Method	Returns	Notes
read(path)	VaultNote(path, content, frontmatter, mtime, size)	Body is the post-frontmatter content. Raises VaultReadError on missing / path escape.
list(folder="", recursive=True)	list[str]	Forward-slash relative paths, filtered by ignore_globs.
stat(path)	(mtime, size)
extract_links(path)	list[str]	Bare [[target]] names; aliases and sub-headings are stripped.

All methods run blocking file I/O via asyncio.to_thread. Reads accept any .md file under the vault root (even outside path_allowlist) so agents can inspect README.md, templates, etc.

3. Write protocol (VaultWriter)

write(path, content, expected_mtime=None, message=None) -> commit_sha
delete(path, message=None)                                 -> commit_sha
move(src, dst, message=None)                               -> commit_sha
undo_last(n=1)                                             -> list[revert_sha]
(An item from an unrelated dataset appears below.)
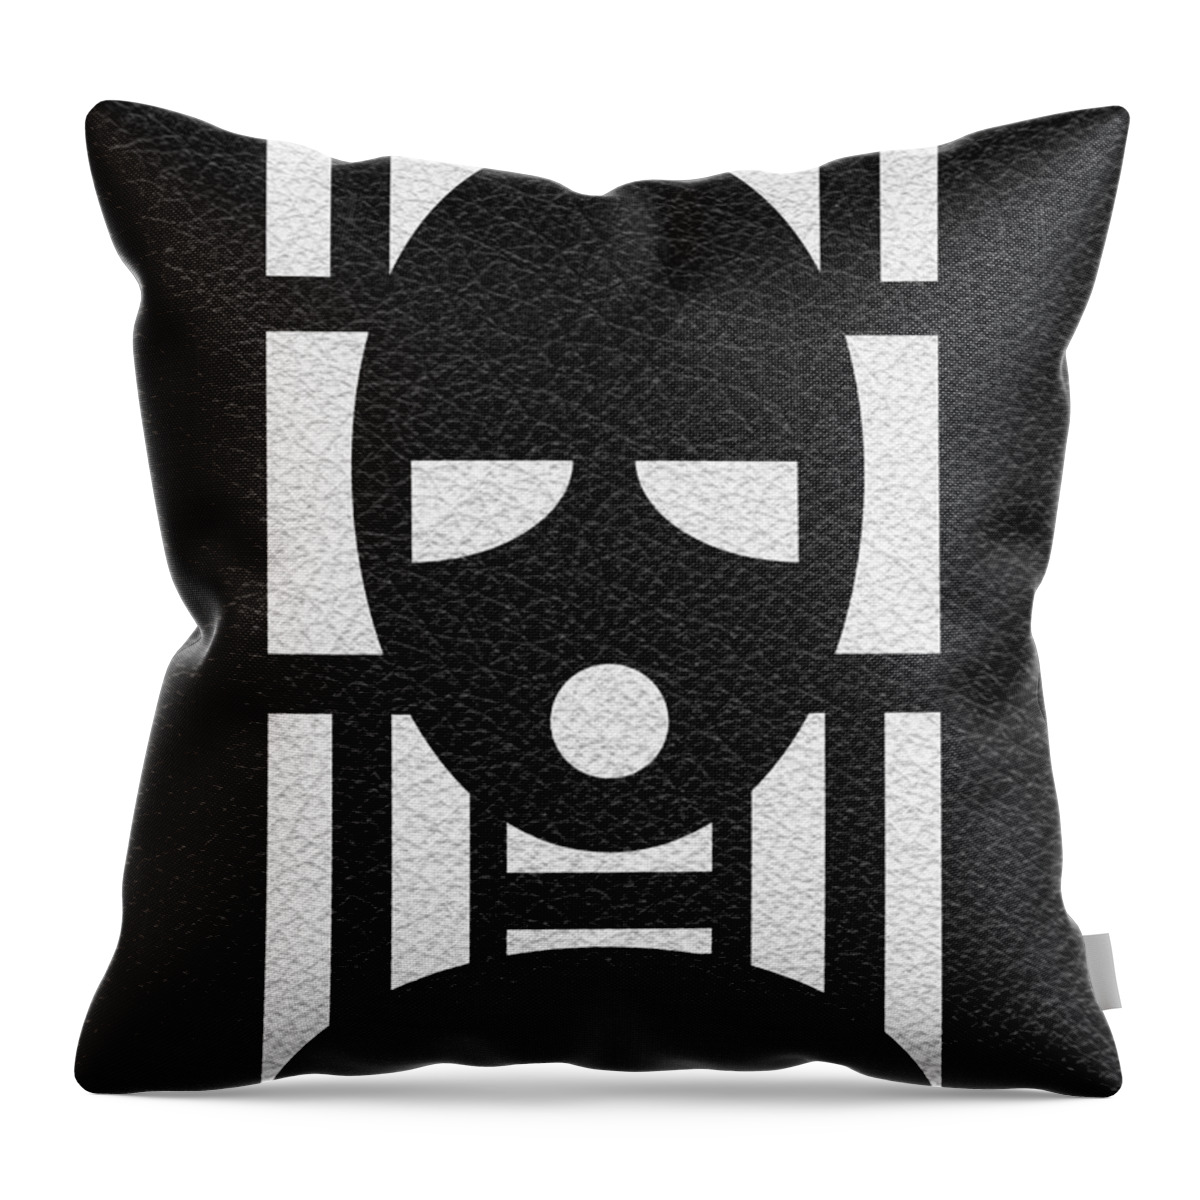 Gimp Throw Pillow featuring the digital art Gimp Mask by Roseanne Jones

Every mutation follows this fixed order:

1. Size check on the payload (rejects before reading disk).
2. _resolve_safe_path — rejects .., absolute, non-.md, symlink escape, or folder outside path_allowlist.
3. If the target exists:
4. Compare on-disk mtime to expected_mtime (if supplied). Mismatch → VaultWriteError(reason="conflict").
5. Refuse the write if existing frontmatter has the sensitive key set truthy (reason="sensitive").
6. Parse incoming content via python-frontmatter. Merge with existing metadata: existing keys win only when the new content omits them (_merge_frontmatter).
7. Serialise and write.
8. GitRepo.commit([relpath], message) with a pinned author — returns the new SHA.
9. Log a vault_write / vault_delete / vault_move event.

4. Error taxonomy

VaultWriteError(reason=…) codes:

Reason	Raised when
path_escape	Path resolves outside vault root (absolute, .., symlink escape).
not_markdown	Extension is not .md.
outside_allowlist	Top-level folder is not in safety.path_allowlist.
too_large	Payload exceeds safety.max_note_bytes.
conflict	expected_mtime stale, or destination of a move already exists.
sensitive	Existing frontmatter has safety.sensitive_frontmatter_key set truthy.
missing	delete / move source does not exist.

5. Git layout

• One repo, rooted at vault.root. Created on first boot via GitRepo.init_if_missing().
• Local user.name / user.email set on init; never --global.
• Every commit authored via -c user.name=… -c user.email=… so the repo config can drift without changing author metadata.
• Commit message format: donna(slice12): <verb> <path> (overridable per call).
• undo_last uses git revert --no-edit over the last n commits (newest first).

6. FTS5 note

The slice-12 brief allows deferring FTS5 search to slice 13. Slice 12 shipped without a vault_search tool; slice 13 adds the semantic-search half of that surface via memory_search. A BM25 / hybrid retrieval layer is out of scope and deferred to slice 17.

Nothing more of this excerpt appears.